Responding to a query about an Israeli publisher’s belief in the value of translating the work into Hebrew, Gerstenfeld told The Algemeiner that doing so, if at all, should be undertaken with great care.
“A Hebrew edition is desirable only if it is heavily annotated,” he said. “By that I mean that it should not only show how Hitler prepared the Holocaust with this book. It should also illustrate how his ideas developed on the infrastructure created by the Catholic Church and several Protestant denominations over many centuries. Furthermore, it should explain what motifs in Mein Kampf mutated into themes used against Israel, with a particular emphasis on the Muslim world, including the Palestinian territories.”
This is in contrast to the excitement expressed by Idan Zivoni, co-editor of Resling, an academic Israeli publishing house that also translates international books, at the prospect of making Hitler’s infamous tome available to the people whose history was so affected by it.

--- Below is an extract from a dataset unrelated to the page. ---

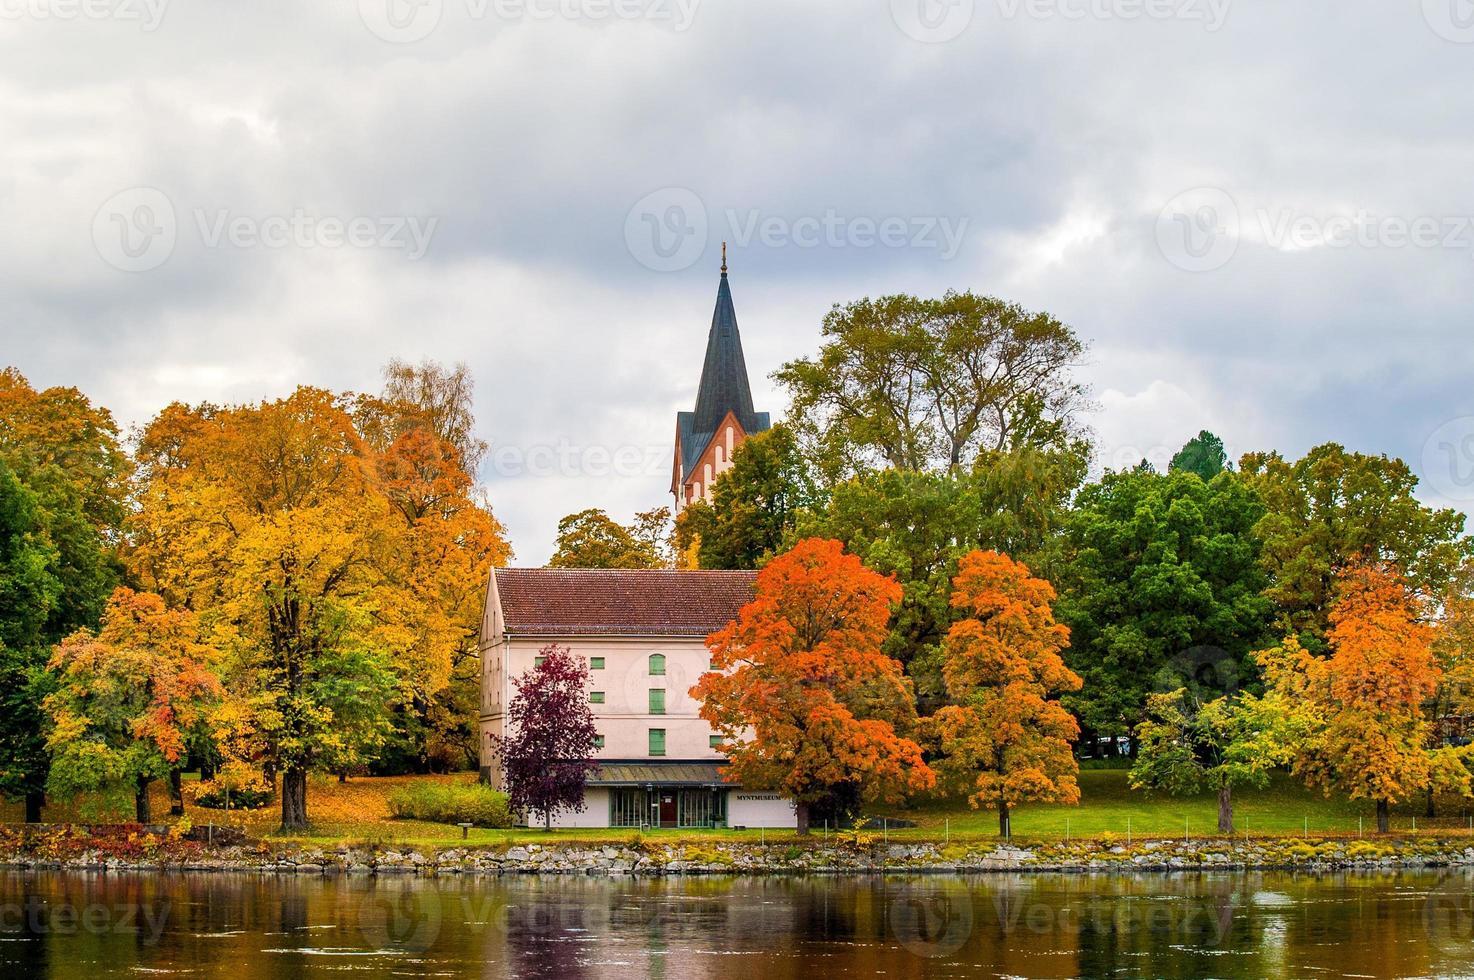 vue très colorée d'une église suédoise à l'automne. avec des arbres de différentes couleurs photo

“It is a national mission to publish the book in Hebrew,” Zivoni said during a Channel 10 talk-show discussion on the topic. “But I believe that few [Israelis] will actually read it.”
He was referring to the sensitive nature in the Jewish state of anything related to the Holocaust, as the country still has a large number – albeit dwindling – of survivors, and many more offspring.
The debate has arisen, due to the January 1 entry of Mein Kampf (“My Struggle”) into the public domain, after 70 years under the auspices of the southern German state of Bavaria, which was given control over the Nazis’ main publishing house by the Allies in 1945, following Hitler’s suicide.
Gerstenfeld, whose book The War of a Million Cuts analyzes the delegitimization of Jews and Israel, also explained that Hitler’s infamous tome has, in fact, been distributed elsewhere.
“Despite the copyright of the state of Bavaria there have been various editions of Mein Kampf in Arabic,” he said. “A few years ago one could even find some copies in London in neighborhoods with large Arab populations. Rifat Bali, an expert on Turkish antisemitism wrote a few years ago that the Turkish translation of Mein Kampf had become a best-seller in the country and could be purchased in some of the largest supermarket chains and bookstores. A few years ago it was reported that it was a bestseller in the Palestinian territories. One extreme antisemitic website lists where one can download Hitler’s book for free on the Internet in various European languages.”
Mein Kampf was written during Hitler’s term in prison, following his attempted putsch. Its first volume was released in July 1925, and its second volume in 1926. It has been translated and distributed in various Western and Middle Eastern countries.
Zivoni said the real reason for its not having been published in Israel has to do with a “silent taboo,” which is “more serious that an official taboo in Israeli society.”